All of this is, inevitably, a build-up to Anton LaVey with his Church of Satan and Satanic Bible, which now seem distinctive of the Sixties. Though it was of course easy for it to get publicity, there never seems to have been all that much substance to it. “LaVey was in many ways indebted to Crowley’s theories”, though he was disparaging about the man personally.

It is hardly surprising that it spawned breakaway movements, which in any case happens to most religious movements. Thee Satanic Orthodox Church of Nethilum Rite was “one of the earlier schismatic split-offs”. The best-known was Michael Aquino’s Temple of Set, which I believe is still active.

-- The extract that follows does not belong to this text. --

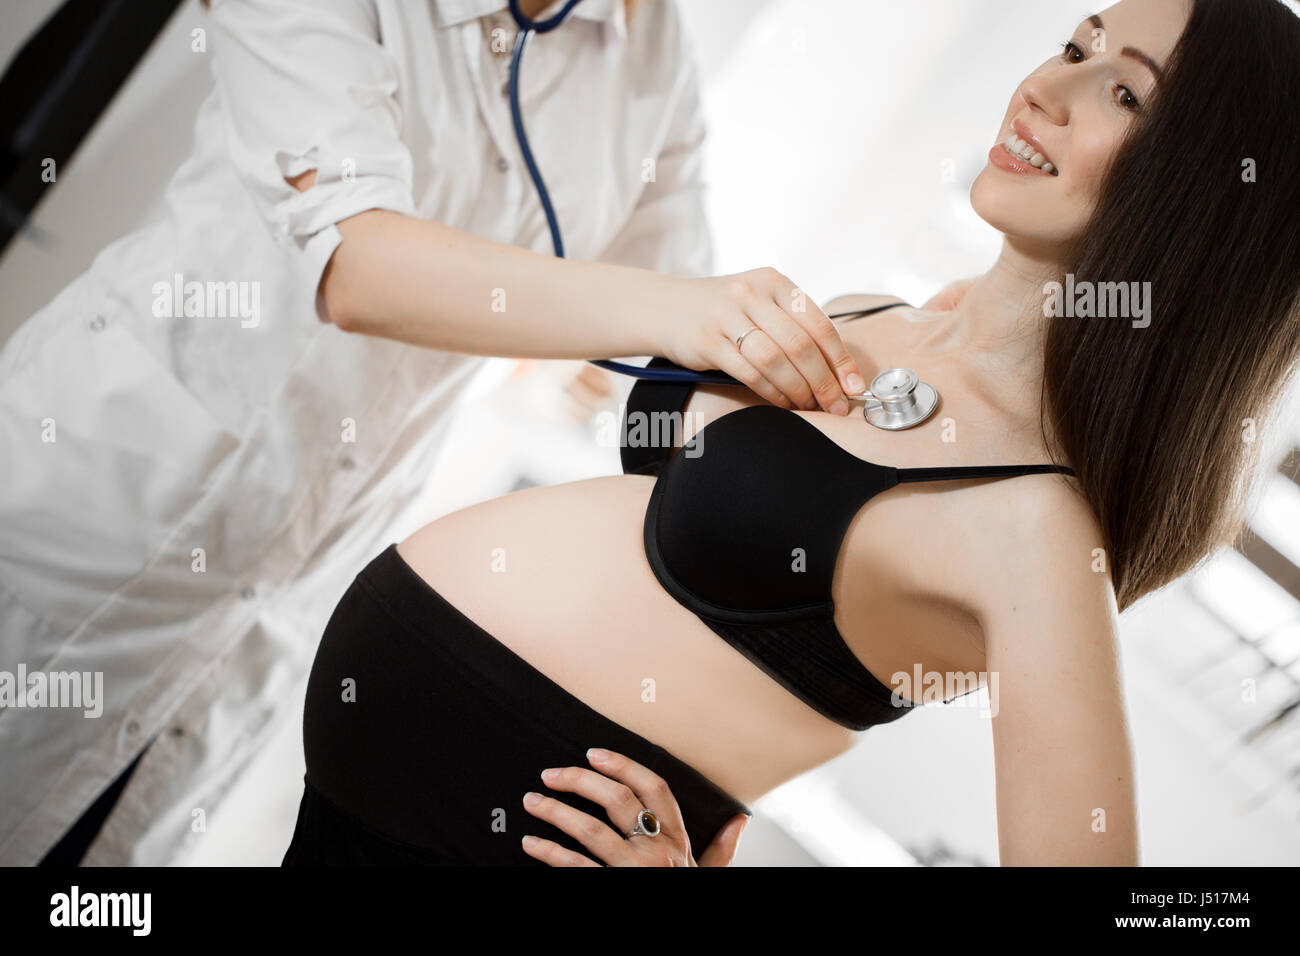 female medicine doctor holding stethoscope to pregnant woman standing for encouragement, empathy, cheering,support, medical examination. New life of abortion concept. Stock Photo

The end was a whimper. “After LaVey’s death, the Church of Satan became a marginal organization, even in the already marginal milieu of Satanism. Squabbling arose almost immediately over who would succeed him as High Priest. Karla LaVey, who had remained aloof from the Church for years and had spent much of her time undergoing plastic surgery in Brazil, presented herself as her father’s lawful heir and let herself be photographed in a somewhat awkward pose with a statue of LaVey borrowed from a waxwork museum. When she lost the battle for the throne to Blanche Barton, she founded the First Satanic Church, a Satanist organization that seems to exist mainly as a web page.” 

The Black House, which was never very impressive, had already fallen into disrepair, and was torn down by a real estate investor in 2001 to make way for a ‘rather bland’ condominium. “Thus the birthplace of one of the world’s most remarkable religions disappeared under the gray concrete of mass-produced conformism.”